LSAT Demon scholarship estimator: predict your law school merit aid

By the Scholarship editorial desk  ·  Last updated 25 June 2026  ·  Verified against official program sources  ·  4 min read

The LSAT Demon scholarship estimator is a free tool from the LSAT Demon prep platform that predicts how much scholarship money law schools are likely to offer you. It exists to make one point vividly: a higher LSAT score can be worth tens of thousands of dollars, sometimes a full ride.

Quick answer
The LSAT Demon scholarship estimator is a free calculator that predicts your likely law school scholarship based on your GPA and LSAT score, drawing on ABA 509 reports and historical data. You enter your numbers and target schools, and it shows where your stats fall against each school’s medians. It is numbers-driven, tends to read conservative, and is a planning tool rather than a guarantee.

Core eligibility and award details

Like any estimator, it awards nothing itself. Its job is to translate LSAT points into dollars so you can decide whether to retake the test, which schools to target, and how much leverage you carry into negotiations. Scoring above a school’s median is what unlocks the largest offers, and a single point can shift you from a partial scholarship to a full one.

Key detail What to know
What it is Free law school scholarship predictor
Made by LSAT Demon (founders Ben Olson and Nathan Fox)
Inputs GPA and LSAT score (or practice average)
Data ABA 509 reports and historical scholarship data
Cost Free, no credit card needed
Bias Often conservative; real offers can be higher

The estimator is built on the fact that the ABA requires every law school to publish its scholarship and LSAT and GPA data each year, so its predictions rest on real disclosures rather than guesswork. LSAT Demon was founded by Ben Olson and Nathan Fox, and the tool sits alongside free extras like a score converter and a rankings history viewer. A free account also adds official practice tests and live classes.

Deadlines and timeline

There is no deadline to use the estimator, but the offers it predicts are time-sensitive. Scholarship budgets are largest at the start of the admissions cycle, so the same numbers earn more in September and October than in February.
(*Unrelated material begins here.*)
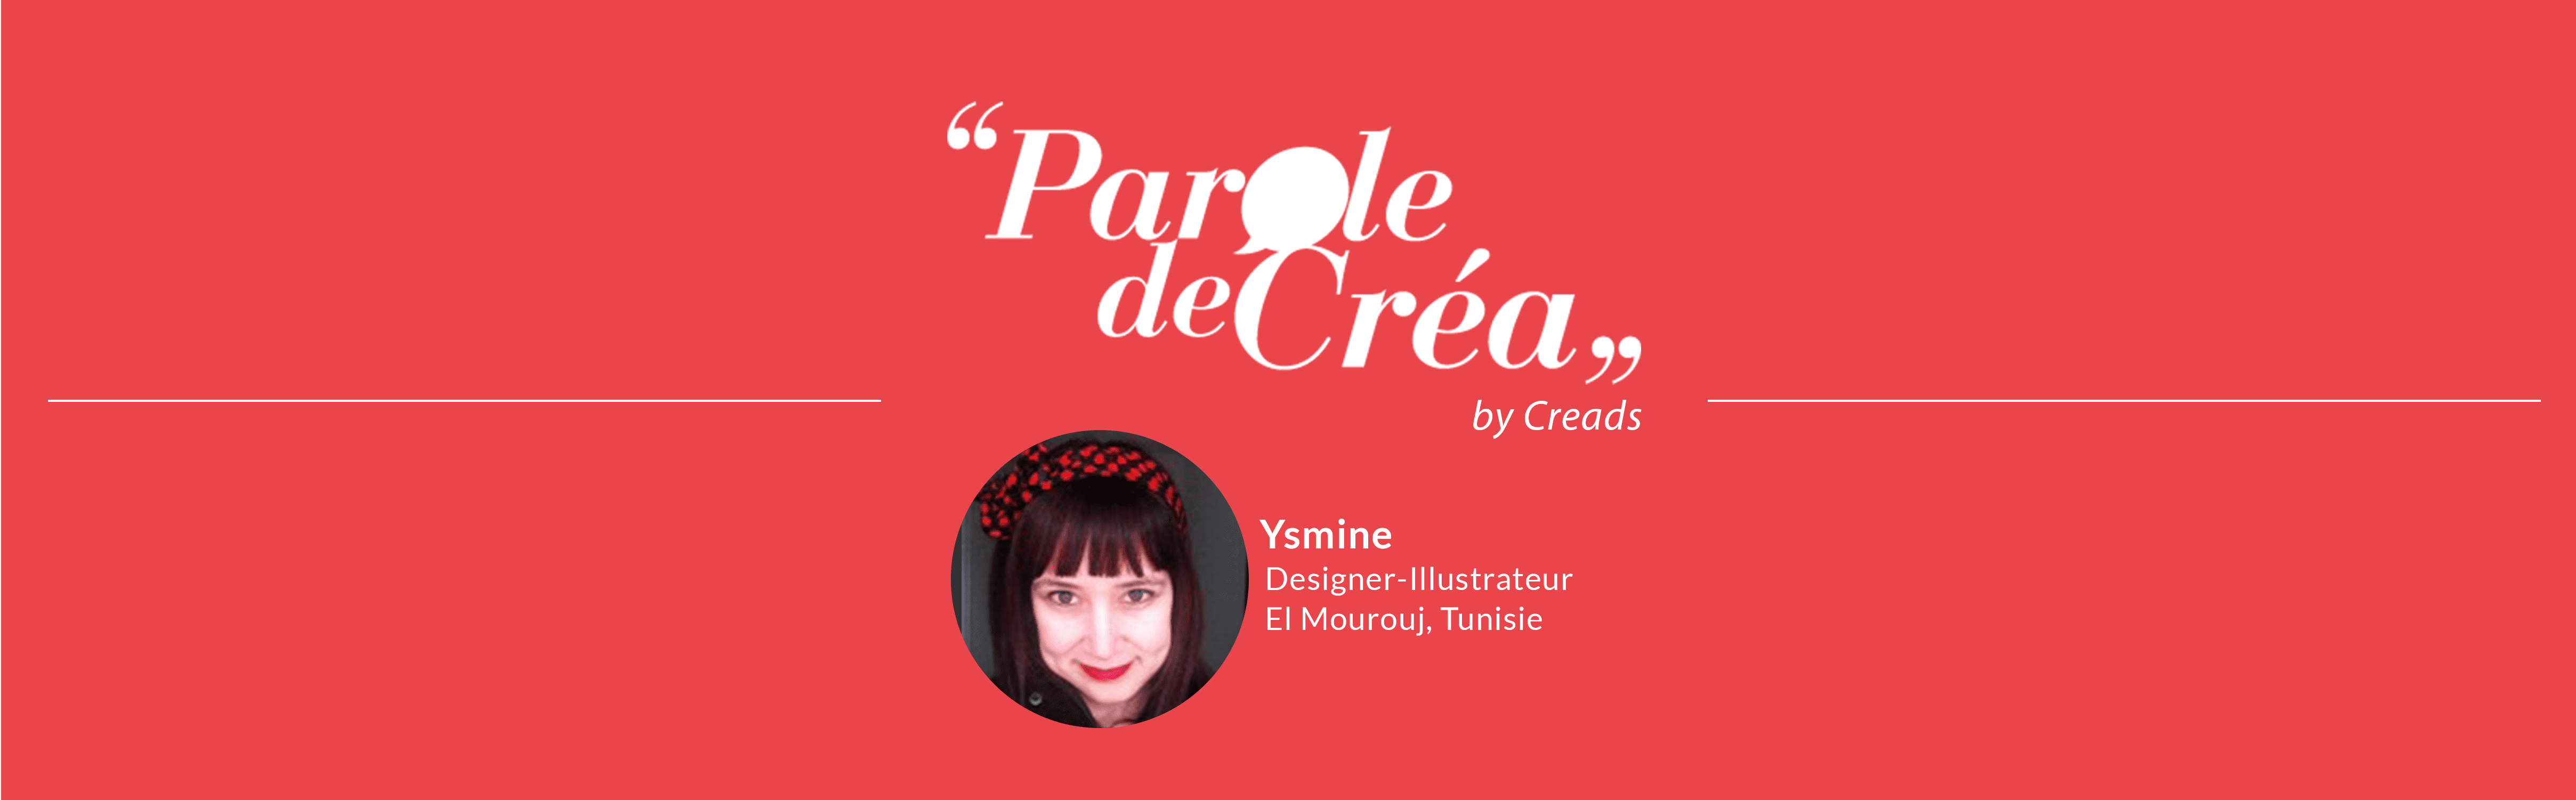 Paroles de créa - Découvrez l&#039;interview de Ysmine

Run it before you build your list, then again if you improve your LSAT.

Stage When
Take a real or practice LSAT Before estimating
Run the estimator across schools List-building stage
Apply early in the cycle For the biggest offers
Reconsideration requests After acceptances, with peer offers

How to apply, step by step

  1. Open the estimator and enter your highest LSAT or a realistic practice average.
  2. Add your undergraduate GPA.
  3. Select the law schools you are considering.
  4. Read the result as a range and note how each LSAT point changes the dollar figure.
  5. Model a higher score to decide whether a retake is worth it financially.

Required documents

  • An LSAT score or honest practice-test average
  • Your undergraduate GPA
  • A list of target law schools
  • Notes or screenshots to support later negotiation

Selection criteria and renewal conditions

The estimator cannot read your personal statement, resume, or background, and it is least reliable at the very top schools where holistic review dominates. It weights the LSAT heavily because that score drives school rankings and therefore merit budgets. Use it alongside one or two other calculators and treat every figure as a guide, not a promise.

Run the estimator with your current number, then again with a score one or two points higher to see the dollar difference, because that gap is often larger than students expect and can justify a retake on its own. Apply in September or October rather than February, since merit budgets shrink steadily as the cycle runs.

Official source and application link

Always apply through the official source below and confirm current-cycle dates there before you submit.

Open the LSAT Demon scholarship estimator

Supporting trust and usability notes

For the wider picture of how these tools work and which others exist, read the companion law school scholarship calculator guide. If you are also chasing outside awards to cut law school costs further, the merit-and-essay programs in the Gen and Kelly Tanabe scholarship guide are open to graduate students too, and platform tools like ScholarshipOwl can speed up the search.

TLDR
The LSAT Demon scholarship estimator is a free tool that turns your LSAT and GPA into a predicted law school scholarship using ABA 509 data. It is conservative and numbers-only, so use it to plan a retake, target schools, and negotiate, not as a guarantee.